2. The construction and calibration method of the multi-sensor online extrinsic parameter calibration device according to claim 1, characterized in that, The vertex set inside the corner reflector obtained by the lidar and millimeter-wave radar is a three-dimensional point cloud set, while the vertex set inside the corner reflector obtained by the visible light camera and infrared camera is a two-dimensional point cloud set.

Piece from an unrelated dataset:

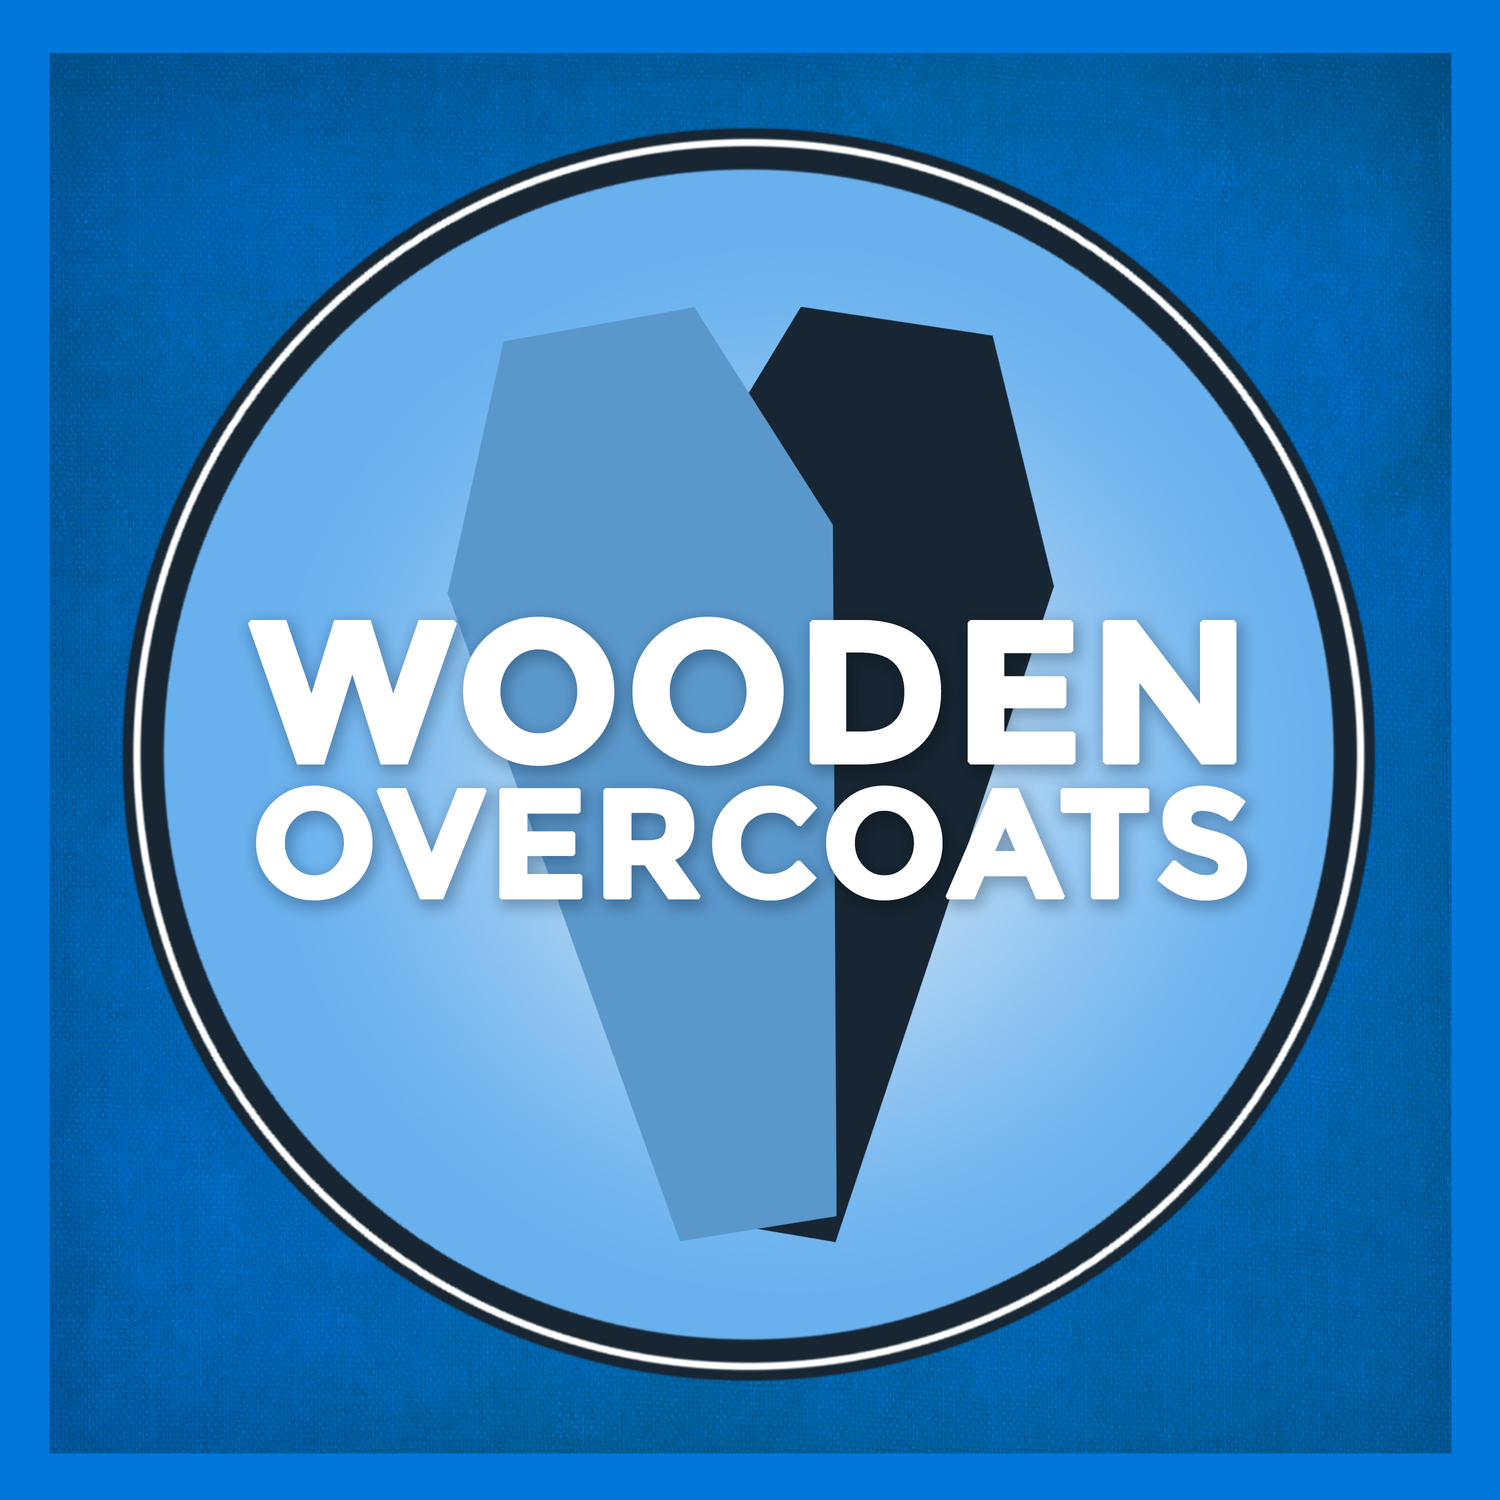 "Wooden Overcoats" Podcast
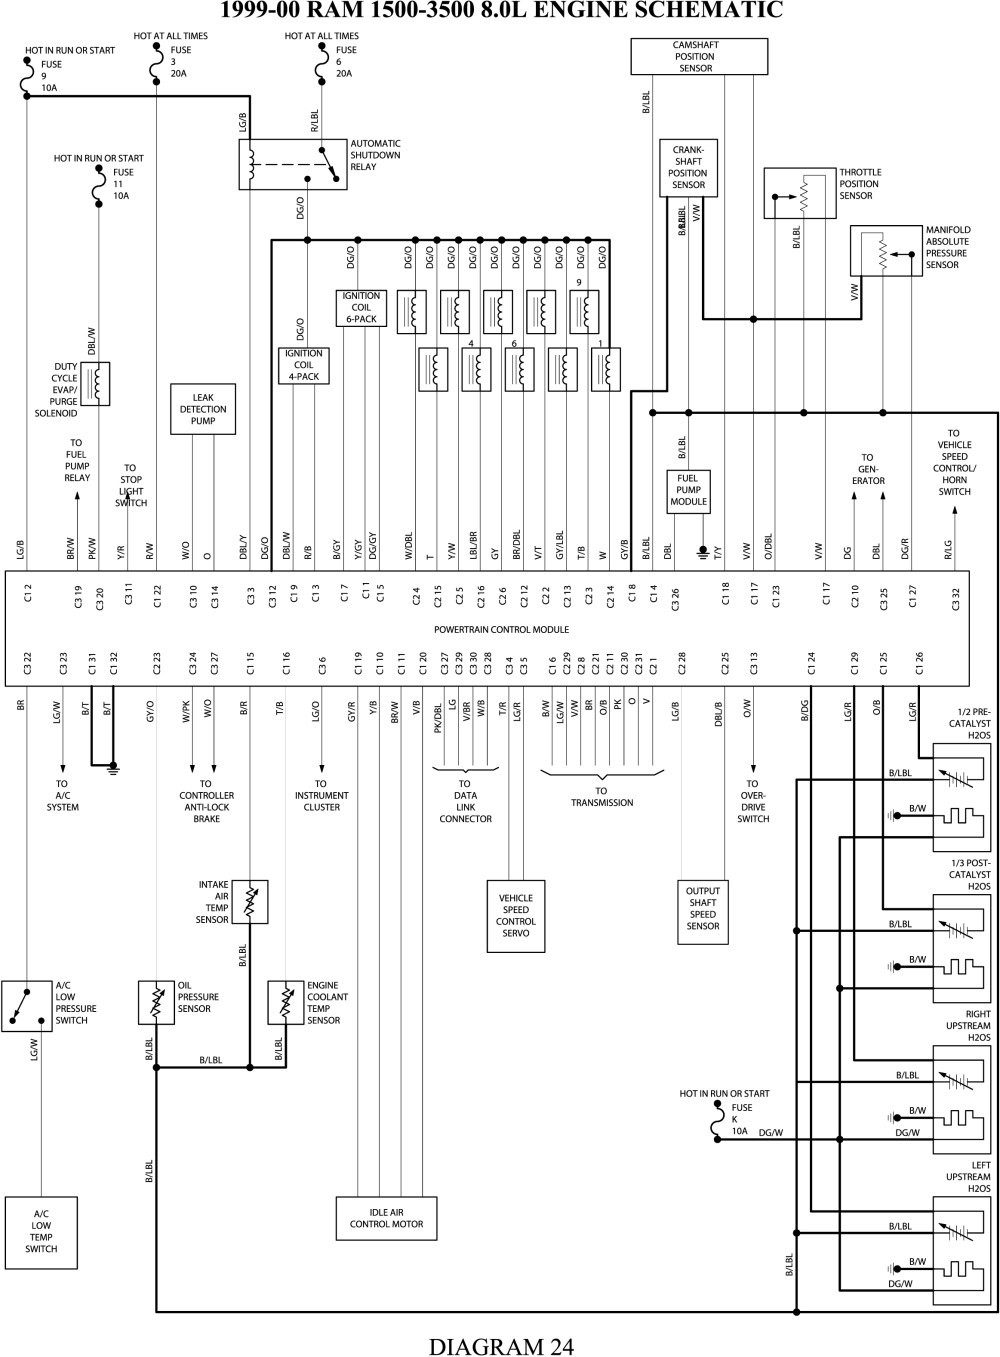 98 dodge ram wiring diagram deconstructmyhouse org rh deconstructmyhouse org 98 dodge ram 2500 radio wiring

3. The construction and calibration method of the multi-sensor online extrinsic parameter calibration device according to claim 2, characterized in that, The process of pairwise matching of the vertex point sets inside the corner reflectors corresponding to each sensor includes: obtaining extrinsic parameters between the three-dimensional point cloud point sets based on the iterative nearest point registration algorithm; obtaining extrinsic parameters between any three-dimensional point cloud point set and any two-dimensional point cloud point set based on the perspective n-point positioning method; and obtaining extrinsic parameters between the two-dimensional point cloud point sets based on the image matching algorithm.
4. The construction and calibration method of the multi-sensor online extrinsic parameter calibration device according to claim 1, characterized in that, The process of filtering the extrinsic parameters includes: filtering the extrinsic parameters based on the correspondence between the vertex point sets inside the corner reflector obtained by each sensor, and obtaining the optimal extrinsic parameters.